It’s not always easy to eat green

In an age when you can walk into a cafeteria and ask for the “low-carbon meal” special, eating green is no longer just the dream of hemp-wearing bohos in Northern California. It is a reality. It is mainstream. And the industry around it has gone from blooming to booming in less than 10 years.

With growth, however, comes complication. Now that climate change, water pollution and other environmental issues are all being addressed, the most eco-responsible choice is not always obvious. The apples at the farmer’s stand could be conventionally grown, while the organic Galas at the grocery store are from halfway around the world. That local farmer could be an hour’s drive out of your way.
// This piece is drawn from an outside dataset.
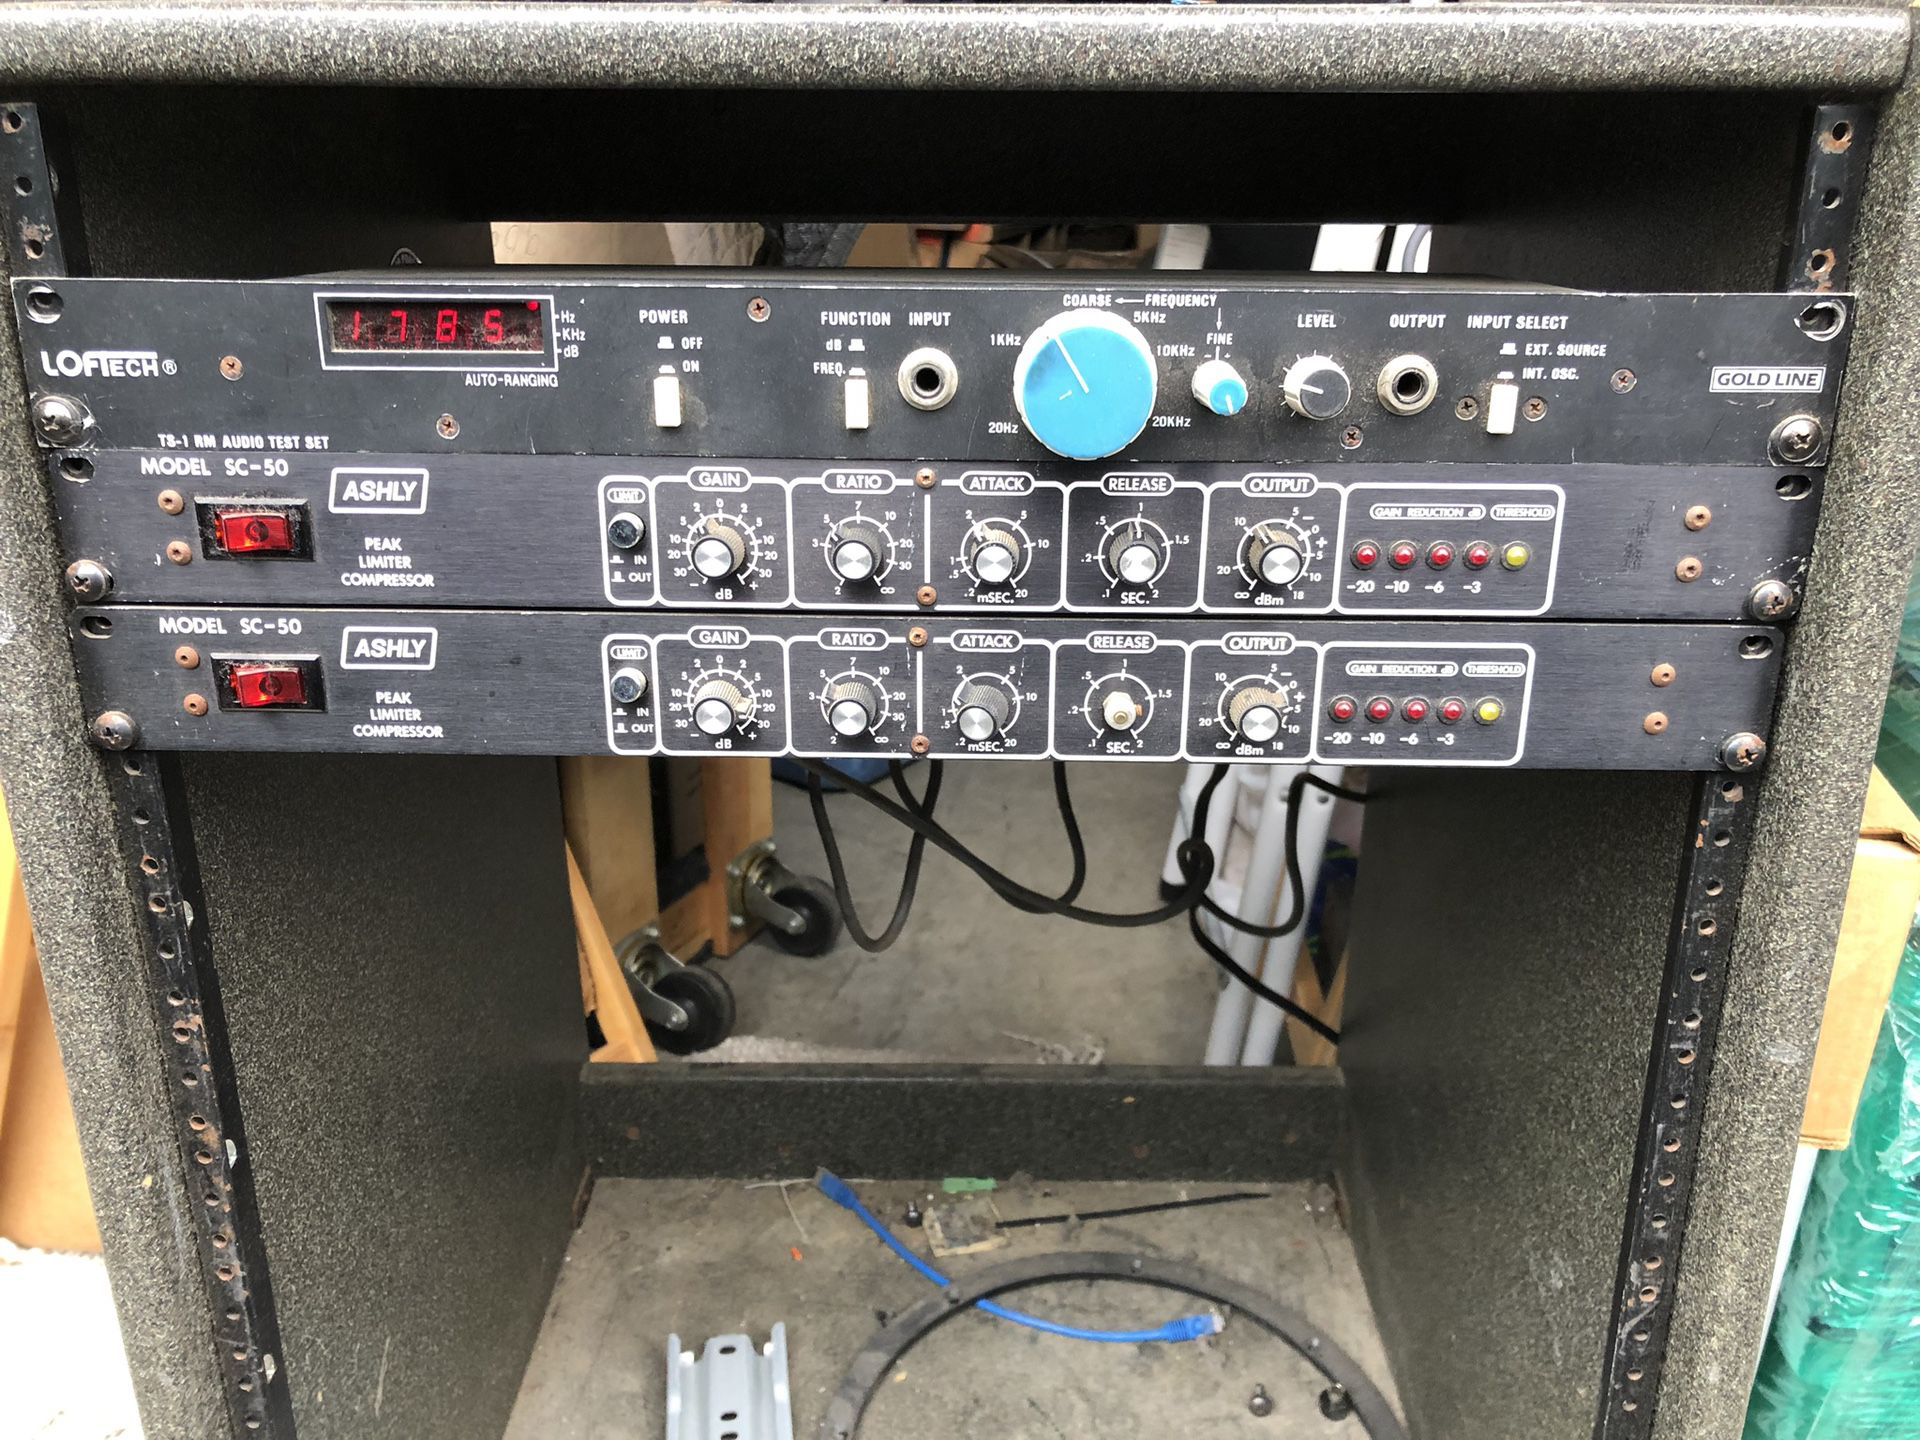 Ashly SC-50 Limiter Compressor (2) and Loftech TS-1 RM Audio Test Set

Those pesticide-free apples might come in nonrecyclable plastic packaging.

“It is confusing when these different values are in conflict,” says Michael Pollan, author of “In Defense of Food.” “It can be a real dilemma when they’re equally defensible.” What’s an Earth-loving eater to do? First and foremost, keep asking questions. Where does your food come from? How was it grown or raised? What exactly is the advantage of being grass-fed? “It’s because we stopped wanting to know these things that we can have a situation as disastrous as cows being fed to cows and causing mad cow disease,” says Joan Gussow, professor emerita of nutrition and education at Teachers College, Columbia University.

Plus, the more you know, the easier it’ll be to make the trickier judgment calls. To help you start sorting things out, here, from leading experts, are the some good food choices you can make.

BUY LOCAL

If you change only one thing about the way you shop, experts agree, hands down, you should go to the farmers market when you can. You’ll be decreasing the distance, an average 1,500 miles, that your food will have traveled to reach your plate, so fewer greenhouse gases will have been released into the air in order to feed you.
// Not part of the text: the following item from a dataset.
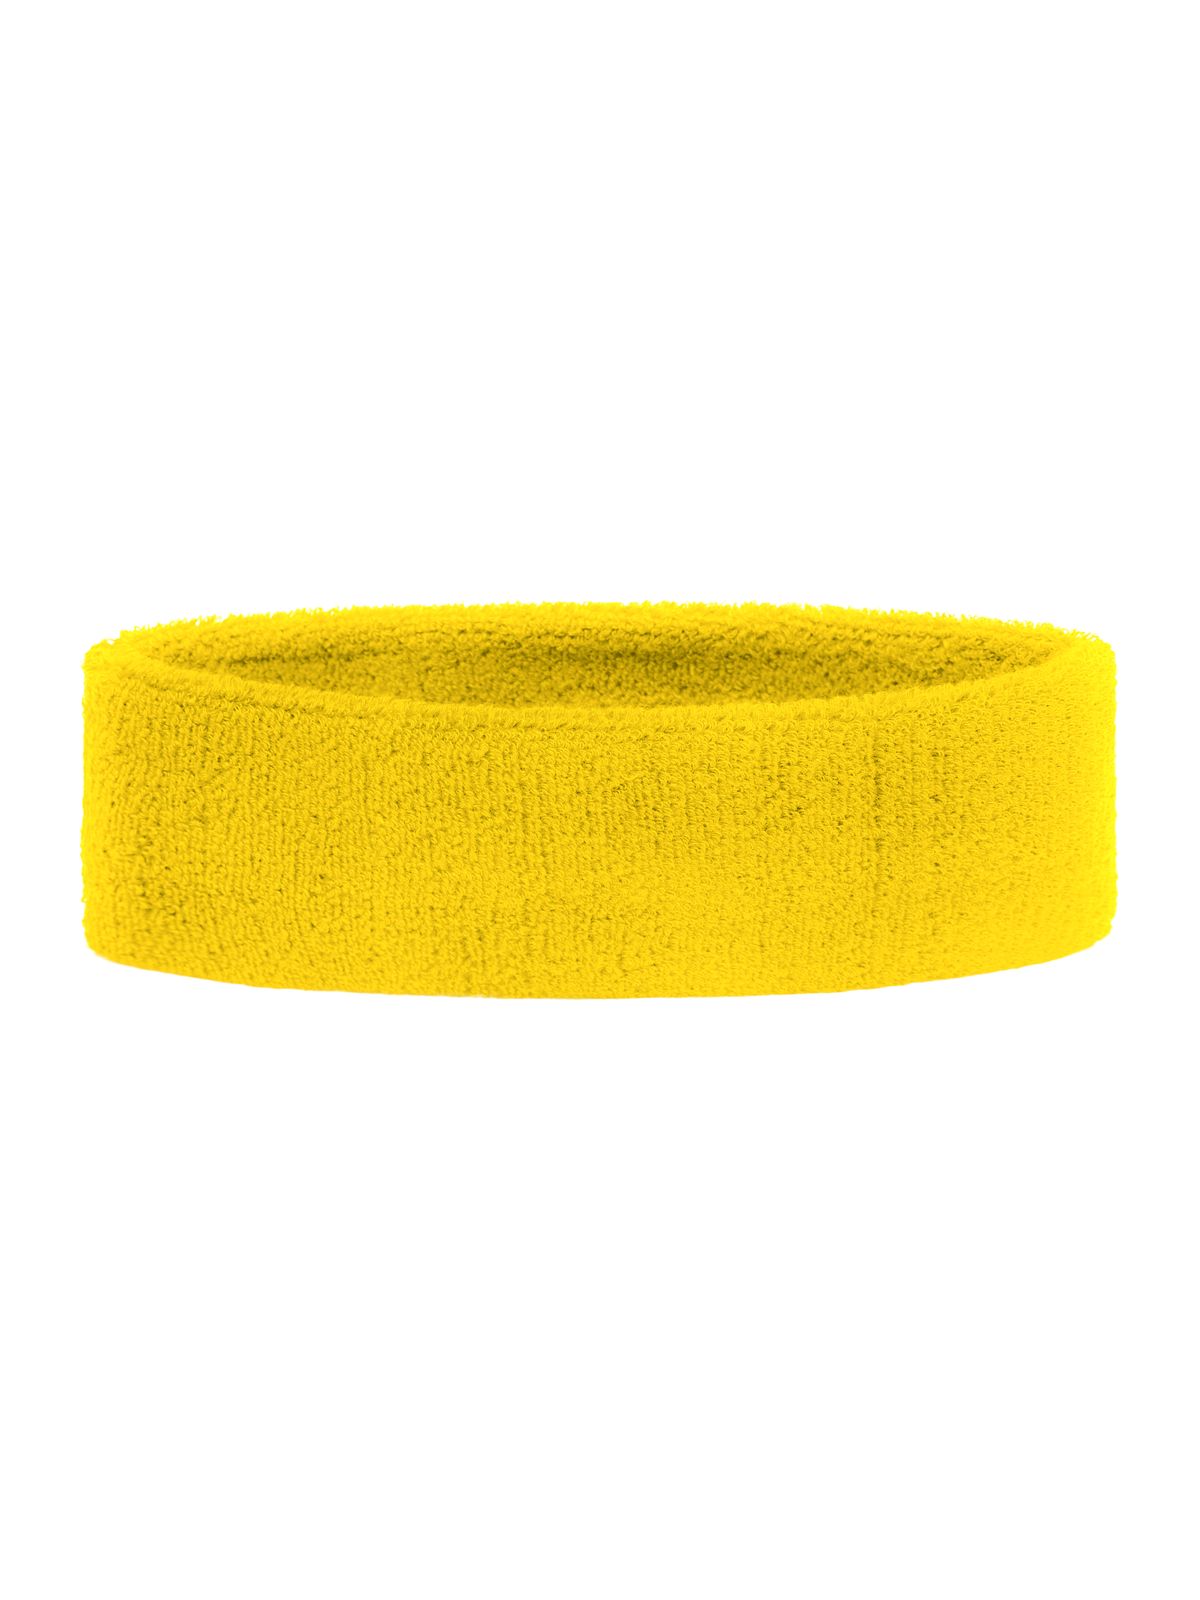 terry-headband-gold-yellow.webp

What’s more, by supporting your local farmer, you’re keeping him or her in business, which is to say you are helping farmland stay in the hands of people who are likely to use Earth-friendly, sustainable methods, Pollan says. (Nearly 300,000 mid-size farms disappeared between 1982 and 1997, about 25 percent of such farms in the country.)

BE PICKY ABOUT ORGANIC

While some foods, such as packaged organic tomatoes and refrigerated soy milk, cost only a little more than their conventionally grown counterparts (14 percent and 21 percent, respectively), the price of other organic items, such as eggs and packaged fresh spinach, can be almost triple.

“Future price changes depend on supply and demand, though prices for organic products are likely to decline as more appear in the market,” says Dr. Carolyn Dimitri, of the Economic Research Service at the U.S. Department of Agriculture. If you’re concerned about toxic pesticides and fertilizers, one way to manage the expense is to limit your organic purchases to fruits and vegetables that have the highest chemical load when conventionally grown. The dirty dozen, so called by the Environmental Working Group, a nonprofit organization (starting with the worst): peaches, apples, bell peppers, celery, nectarines, strawberries, cherries, lettuce, imported grapes, pears, spinach and potatoes. (For the complete list of produce rankings, visit foodnews.org.)